CREATE TABLE ##t1 (a int IDENTITY NOT NULL PRIMARY KEY, b char (10))

go

SET ROWCOUNT  25000000

INSERT INTO ##t1 (b)

SELECT 'a'

FROM

    (SELECT 1 as Col

    FROM sys.syscolumns A, sys.syscolumns b) as Records

GO

SET ROWCOUNT 0

 

 

 

 

STEP (2)  - BUILD OUR CONTROL TABLE

This table, dbo.Chunksize, will hold values that will drive our delete script and help out with our reporting and monitoring.  The trigger has been placed on the table allow only one row in the table;  if more than one row were inserted, the calculations for reporting would be jacked.

 

 

IF OBJECT_ID('Chunksize') IS NOT NULL

       DROP TABLE Chunksize

go

CREATE TABLE  Chunksize

        (id int identity (1,1) NOT NULL

        ,Chunk int

       ,Target int

       ,TotalBeginningRowcount int

       ) 

GO

CREATE TRIGGER  [tr_OneRowOnChunksize]

ON Chunksize

FOR INSERT

AS

BEGIN

       DECLARE @Rows int

 

       SELECT @Rows = COUNT(1)

       FROM Chunksize

 

       IF (@Rows != 1)

       BEGIN

              RAISERROR ('Error!!! One row allowed to avoid invalid results!', 15, 2)

              ROLLBACK

              RETURN

       END

END

GO

   

 

-- Initial insert of Chunksize
INSERT Chunksize (Chunk, Target, TotalBeginningRowcount)

SELECT   1 as InitialChunk -- Can change this later as script runs

        , 7000000 as Target -- Total # of rows we want to delete.

        , (SELECT COUNT (1) FROM ##t1)  -- Beginning rowcount in table.

GO

 

SELECT * From Chunksize

 

GO

 

 

This is the initial seed to the table; a value of 1 for the initial chunk of data to be deleted in each iteration of the loop, a value of our target number of rows that we wish to delete, and a beginning count of rows in the table for later reporting calculations.
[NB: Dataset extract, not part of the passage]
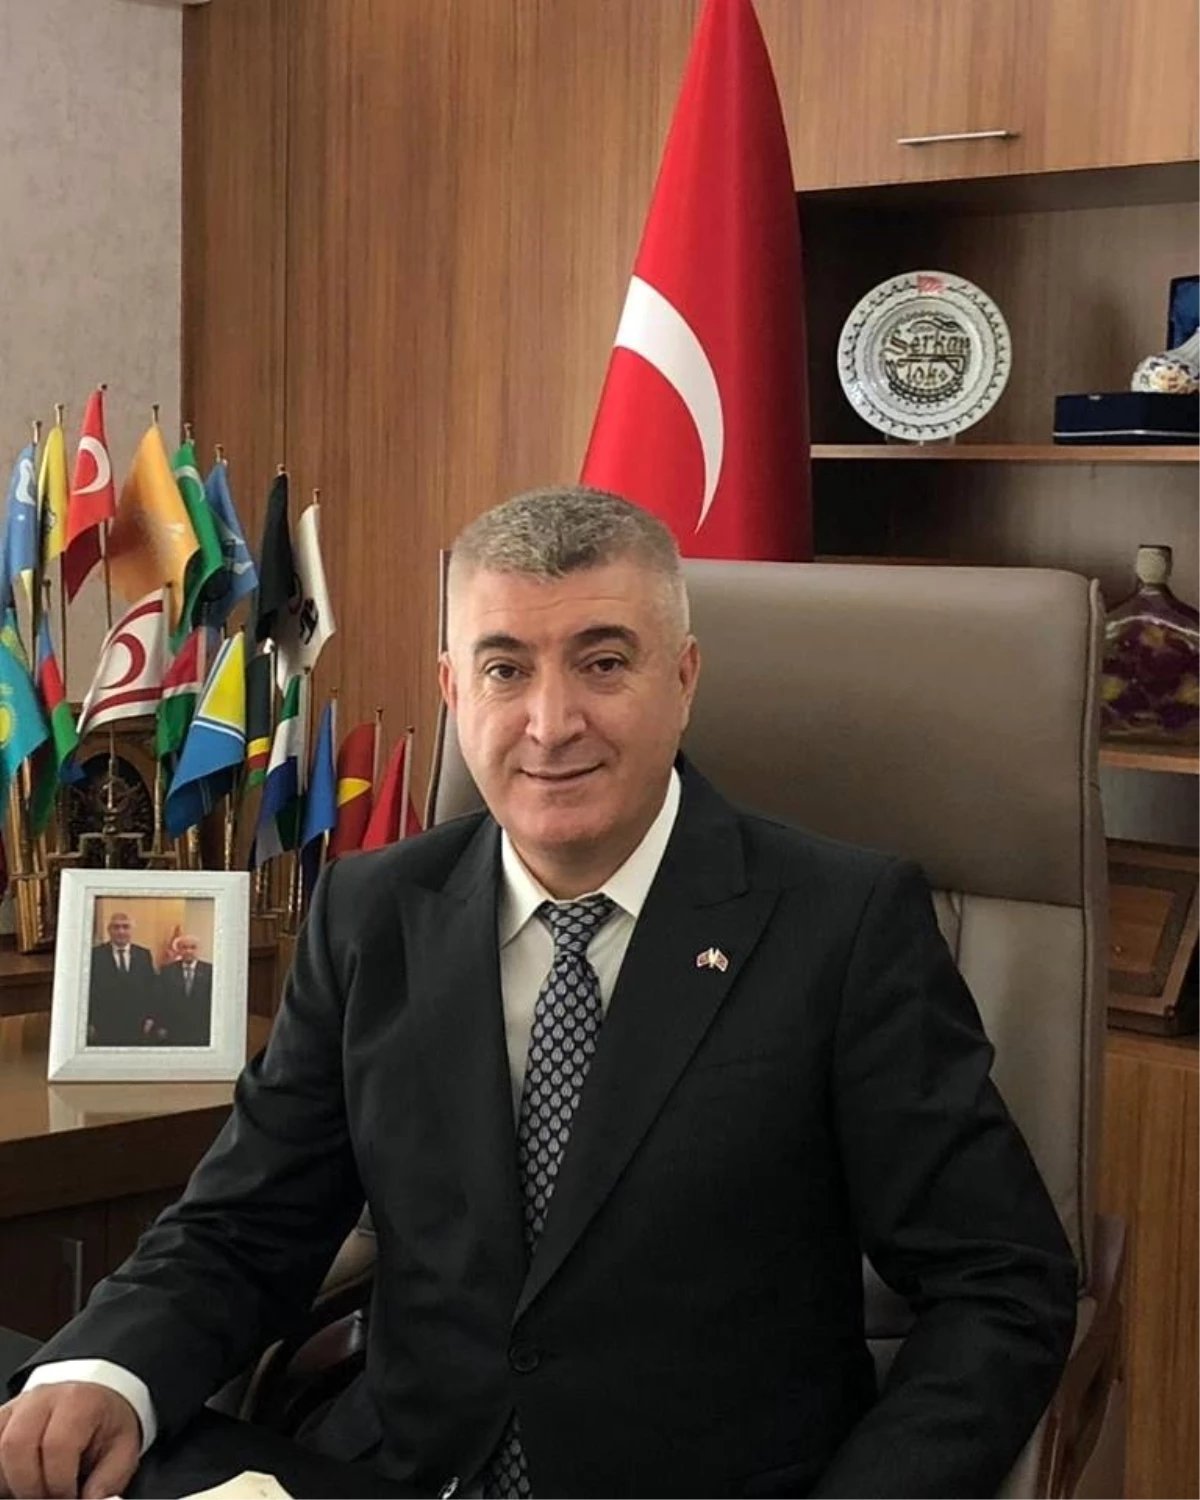 MHP İl Başkanı Serkan Tok, "Unutmak tükenmektir"
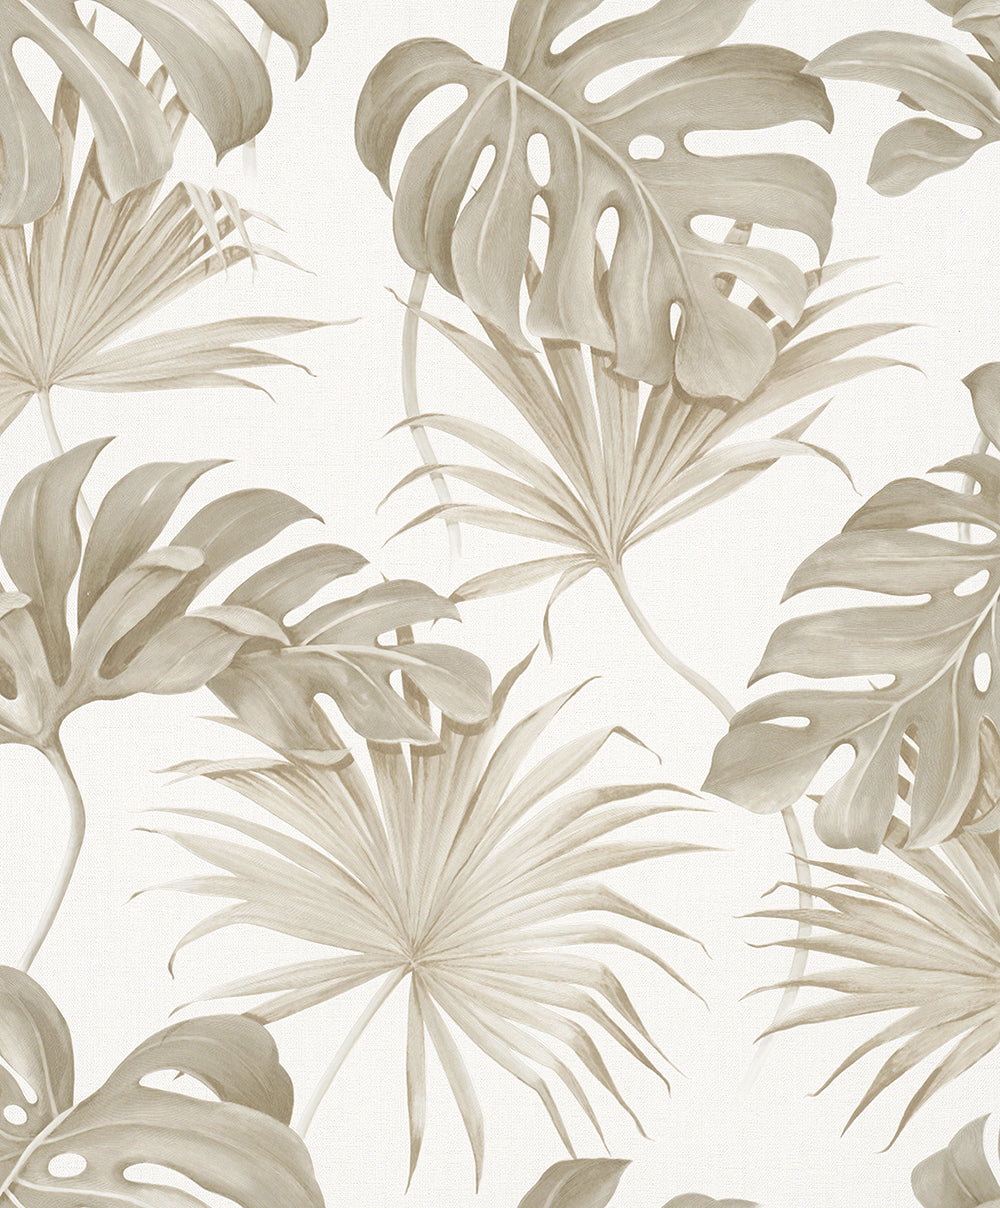 Schoner Wohnen New Spirit - Palm Leaves botanical wallpaper Marburg Roll Beige  32744

So, let’s say that you had a table of 150 million rows, and you wanted to delete 30 million rows, you would put the target to 30 million, and set the initial chunk to whatever you like (I usually start with 1, and then gradually move this up.  If you start too big, you could begin blocking users right off that bat…something to avoid).

 

 

STEP (3)   -  Build the reporting table and Seed the Results table

 

Run these two scripts together to seed the reporting table.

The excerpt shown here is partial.